Exercise data:

***

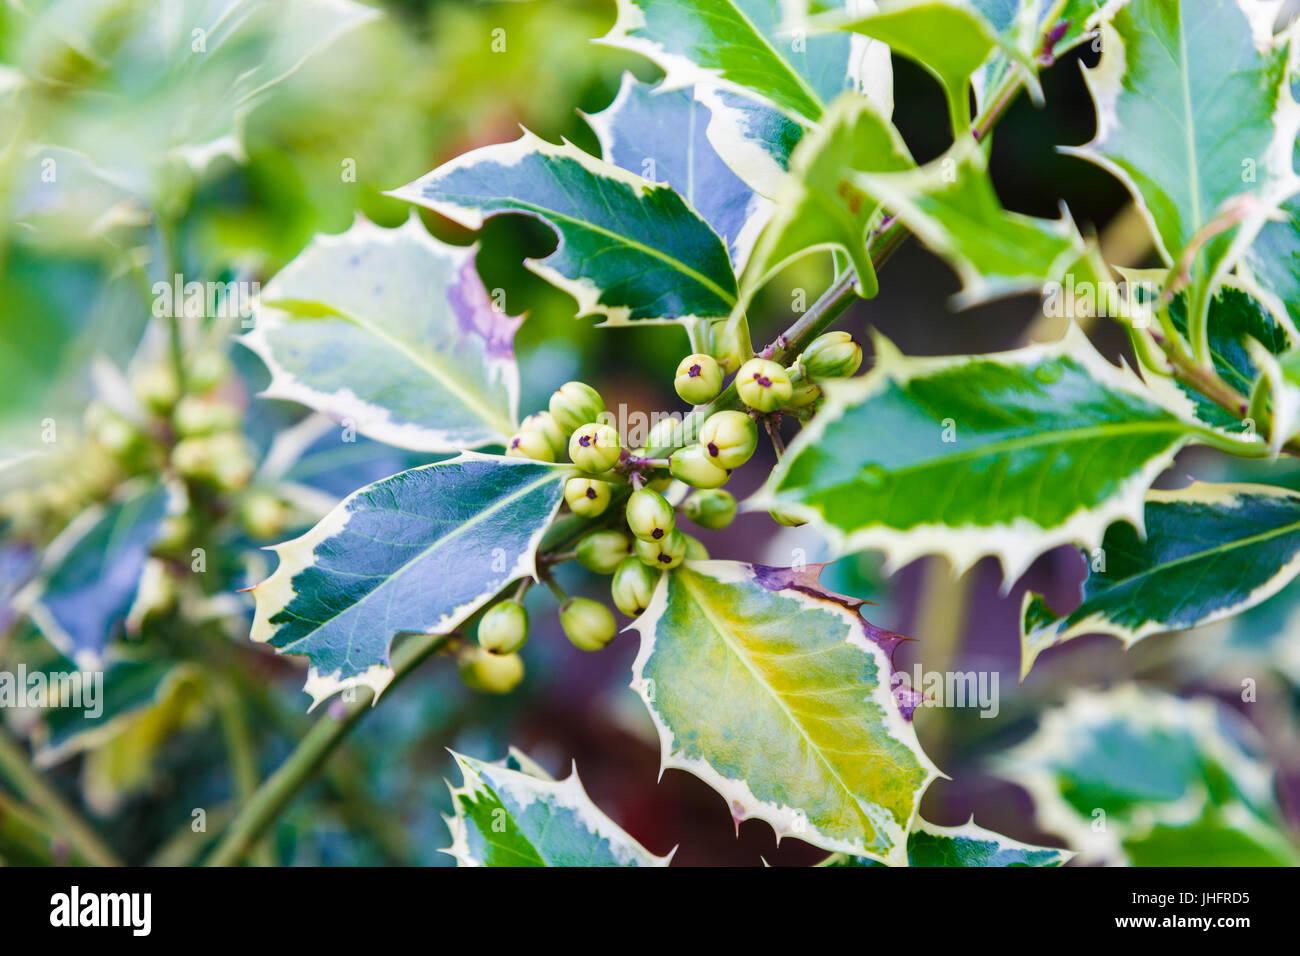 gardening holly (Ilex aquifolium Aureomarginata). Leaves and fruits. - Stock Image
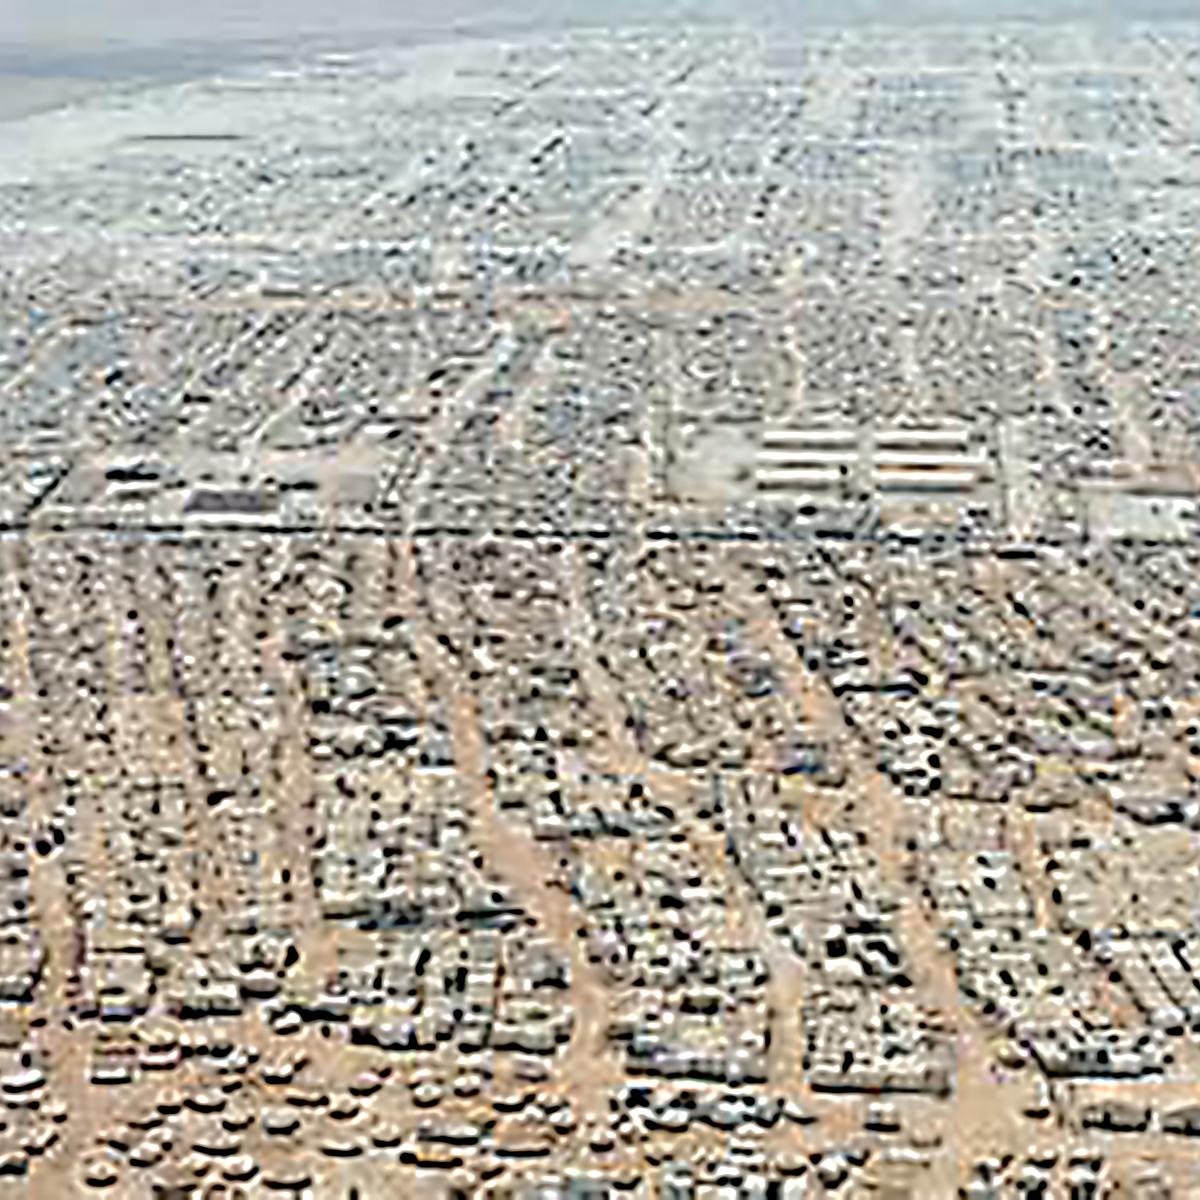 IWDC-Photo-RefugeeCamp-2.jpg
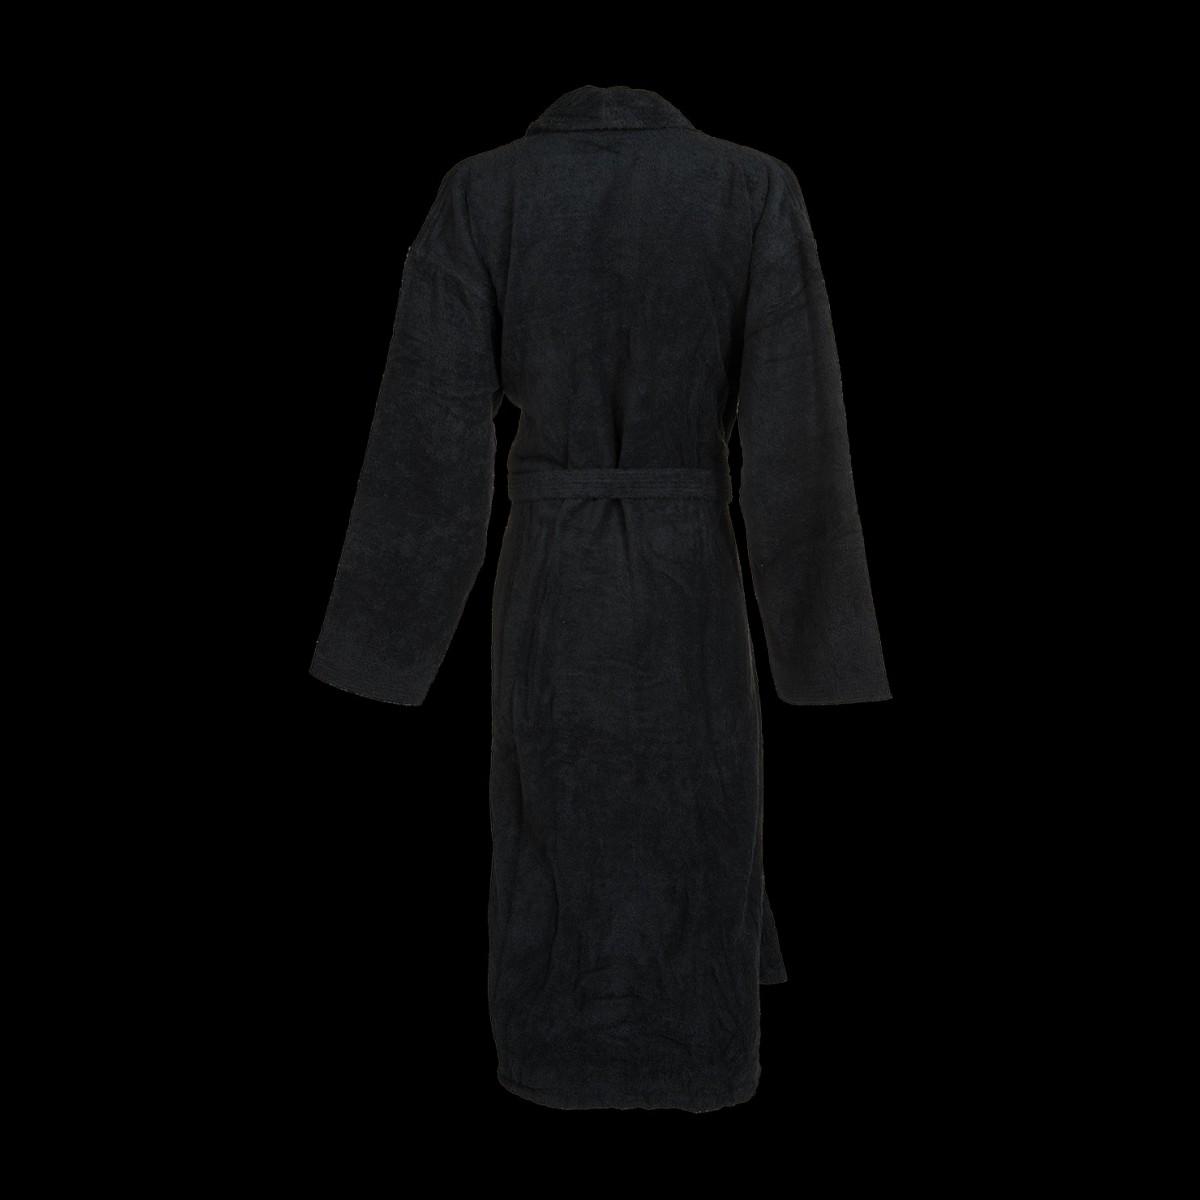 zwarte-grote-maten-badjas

***

Task details:
Type the listing above out again exactly, and omit all pictures.

Answer to the problem:
 gardening holly (Ilex aquifolium Aureomarginata). Leaves and fruits. - Stock Image
 IWDC-Photo-RefugeeCamp-2.jpg
 zwarte-grote-maten-badjas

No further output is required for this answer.